“Code red for humanity” – how the IPCC report will accelerate renewables and clean energy

Refined Global

The Intergovernmental Panel on Climate Change’s (IPCC’s) latest report again confirmed that global warming is being driven by human activity.

The warning, that the UN Secretary-General called “code red for humanity”, has reinforced the fact that there needs to be a global response and that it must be immediate if we are to act with any success against the threat of climate change.

Accounting for over two-thirds of global greenhouse emissions, energy must be at the very heart of that response. In order to mitigate the impacts of climate change, we must use every low and zero-emissions technology in our arsenal to help fuel the world.

There is no doubt therefore that the stark warnings in this report will accelerate renewable and clean energy technologies, meaning jobs in these areas will grow at an astronomic rate.

In order to meet the ambitious yet necessary targets set at the 2015 Paris Agreement and prevent exceeding the internationally agreed threshold of a 1.5 degree C increase in global temperatures, we will need to utilise carbon capture and storage and change the energy infrastructure to generate more power from renewable or clean energy sources.

We will also need to fuel-switch domestic boilers to run on hydrogen or electrify homes.

A whole range of different technologies will be needed – some of which are not even on the market yet. And the innovation and adoption of these technologies must be vastly accelerated.

The International Energy Agency (IEA) carried out assessments of the market readiness of 400 different technologies that will be needed to meet net-zero emissions by 2050 but only around half are currently available to the market.

In order to reach the targets by 2050, a huge amount of innovation will have to take place in order to bring those technologies to market.

The IEA’s roadmap to net-zero by 2050 proposes that by 2045 those new technologies will have to be widely adopted.

This includes the majority of cars running on electricity or fuel cells, advanced biofuels and synthetic fuels powering planes, and industrial plants across the globe utilising carbon capture or hydrogen.

The organisation also predicts that 50% of heating will be fuelled by heat pumps.

By 2050, it postures, 90% of global electricity generation will come from renewables and solar will be the single largest source of energy supply. Government and private sector investment across the globe is critical and the IPCC report will go a long way to pushing that to happen. 

This all points to a huge energy revolution over the next few years – a complete transformation of the global energy system no less – with new technologies creating a slew of new jobs.

Renewable technologies such as solar panels and wind turbines have risen massively and will continue to do so. There are now 51 carbon capture, utilisation and storage (CCUS) projects either already in existence or in the planning stages.
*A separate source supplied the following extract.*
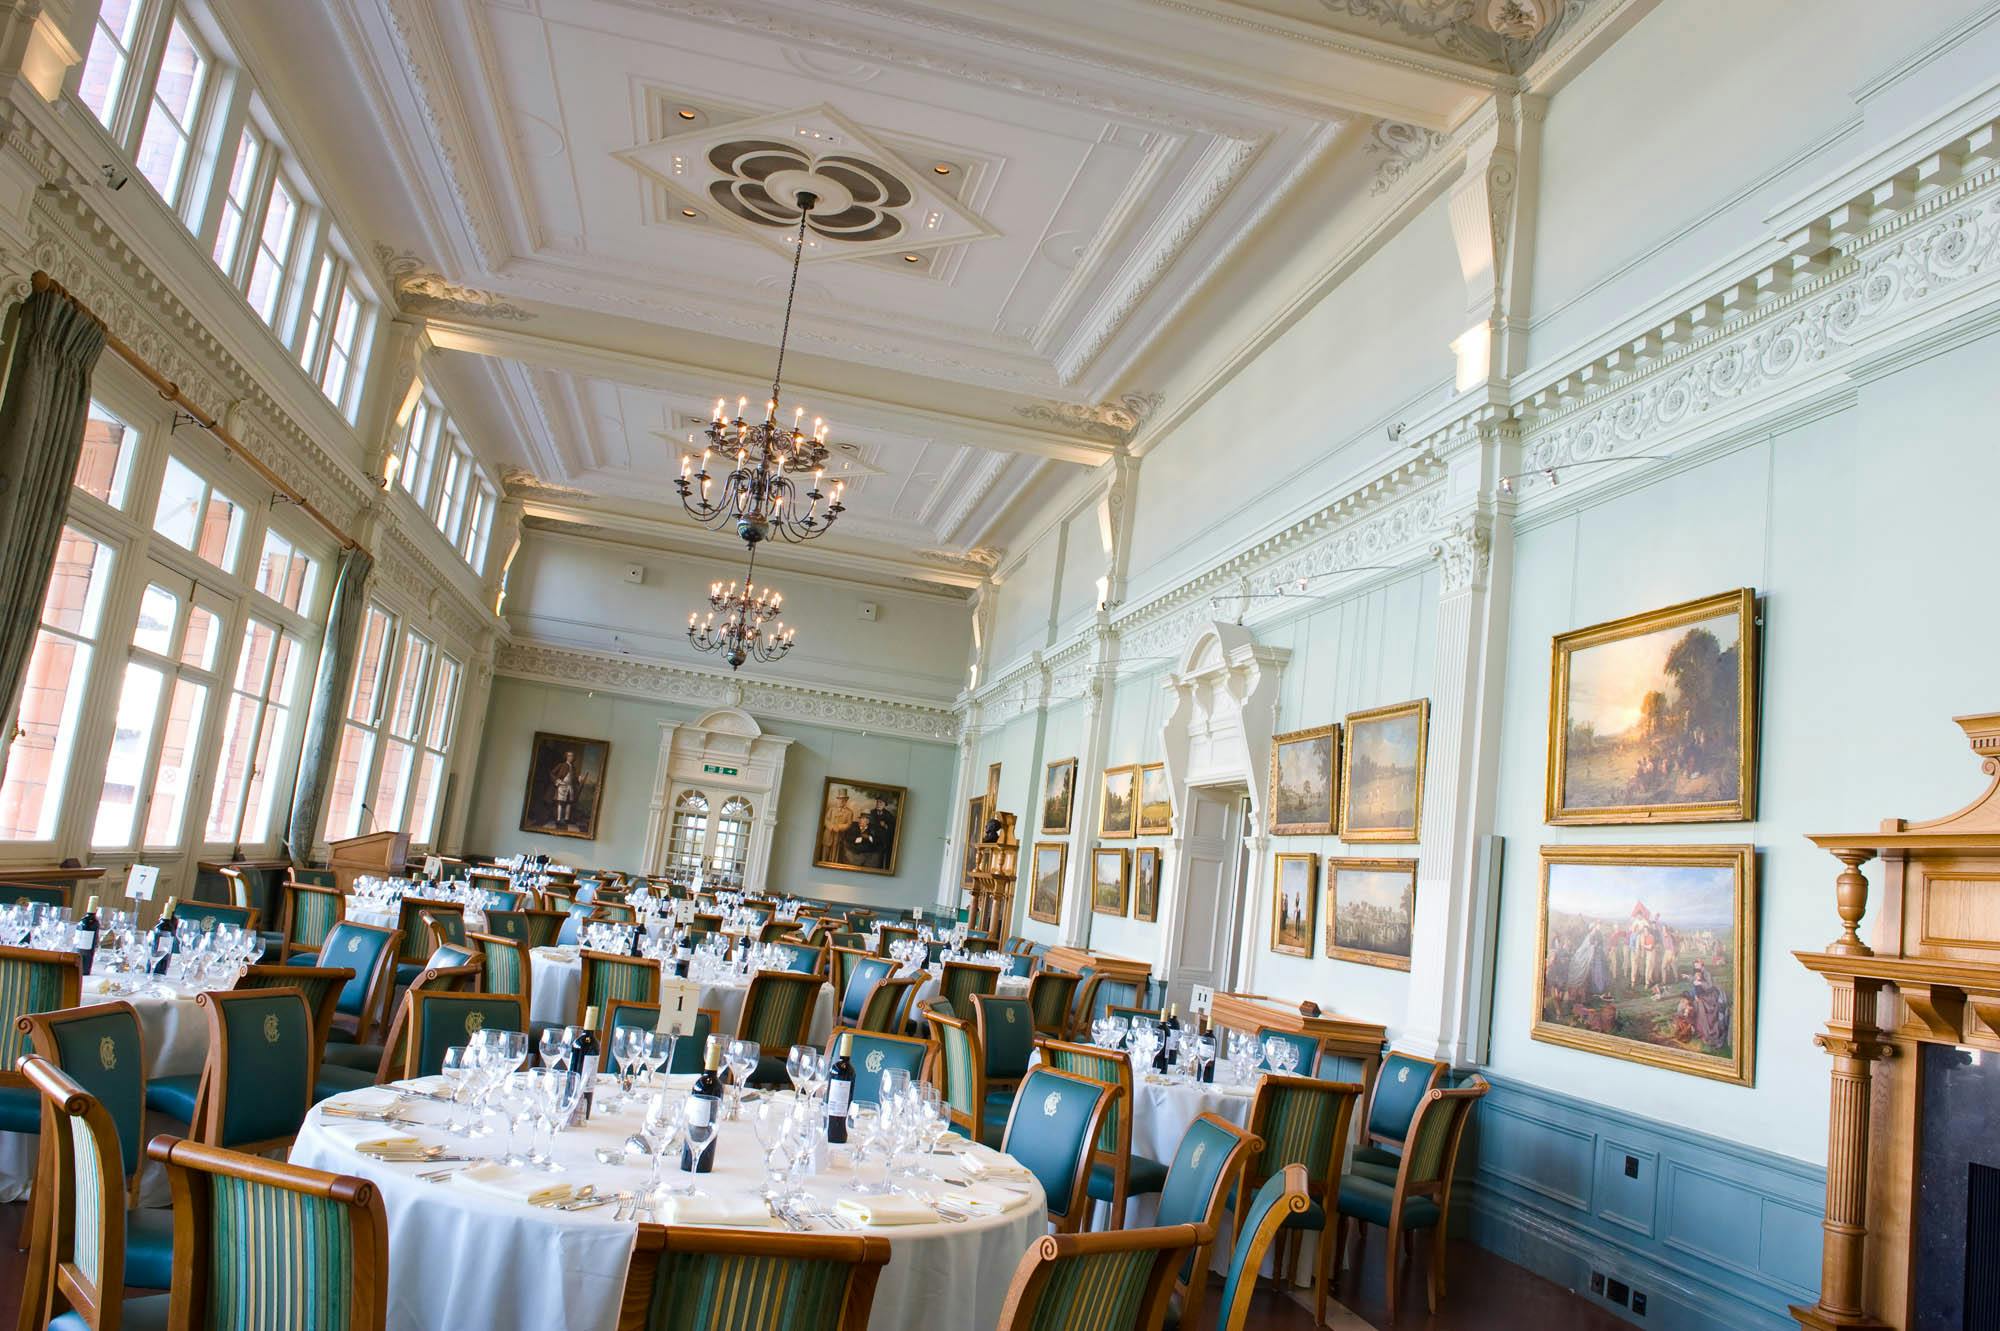 Bar Mitzvah Venues - Lord's Cricket Ground - Events in Long Room - Banner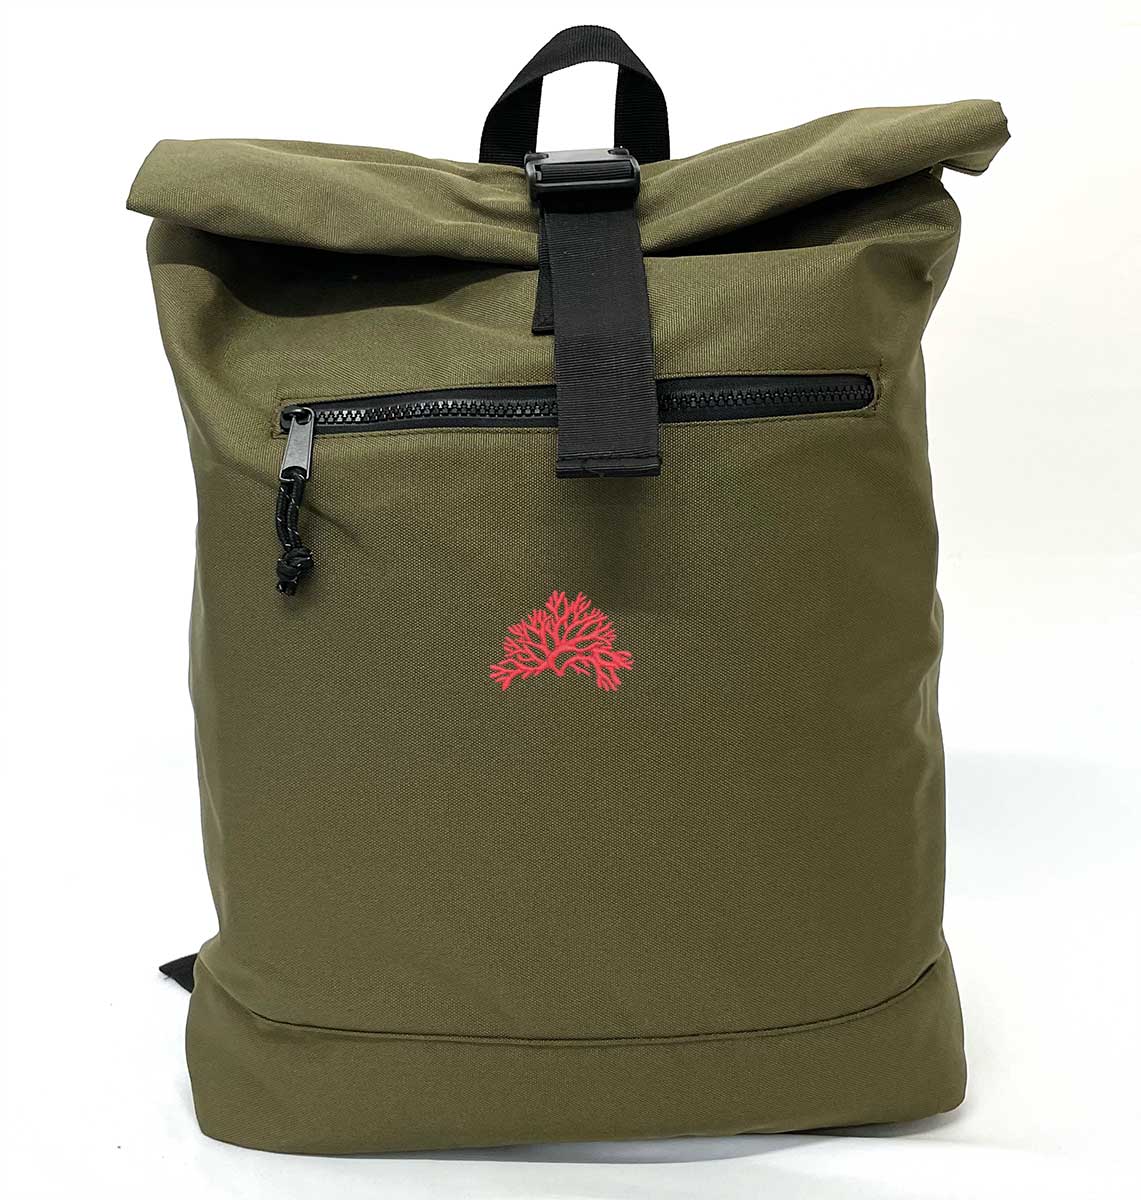 Coral Beach Roll-top Recycled Backpack - Blue Panda

Geothermal, hydroelectricity, hydrogen & fuel cells, tidal and wave technologies will also play a huge part in helping to reach global net-zero emissions, as well as energy-efficient building retrofits.   

The adoption of renewable energy, the roll-out of carbon capture and storage projects and ramping up of energy efficiency solutions won’t just help us to meet global emissions targets and tackle climate change, it will boost economic growth following the devastating effects of the pandemic.

Post-pandemic recovery will be fuelled by the millions of green jobs created across the world. This decade will see the largest expansion of clean energy innovation and adoption ever undertaken and it will only accelerate over the following two decades if we are going to reach net-zero emissions by 2050. 

There will be huge opportunities in an incredibly wide range of green jobs, some of which are yet to be created.

Many oil and gas jobs which may become obsolete over the coming decades will easily transition into renewables and a growing number of companies are beginning to side-step into CCUS projects.

Furthermore, renewable energy should create more jobs than fossil fuel industries. Studies have found that, on average, 2.65 full-time equivalent (FTE) jobs are created from $1 million spending in fossil fuels, while the same amount of spending would create 7.49 FTE jobs in renewables and 7.72 FTE jobs in energy efficiency.

What the IPCC report has definitively shown is that there needs to be a huge change on a global scale if we are to avert catastrophic climate change.

The energy, transport and building sectors will play a significant role in driving down emissions and will therefore experience dramatic change.

Jobs will be lost but far more will be created. We will be part of a seismic shift that will shake the world – and make it a better place in which to live.

Although driven by the looming threat of the effects of climate change, it is an incredibly exciting time for renewables and clean energy sectors.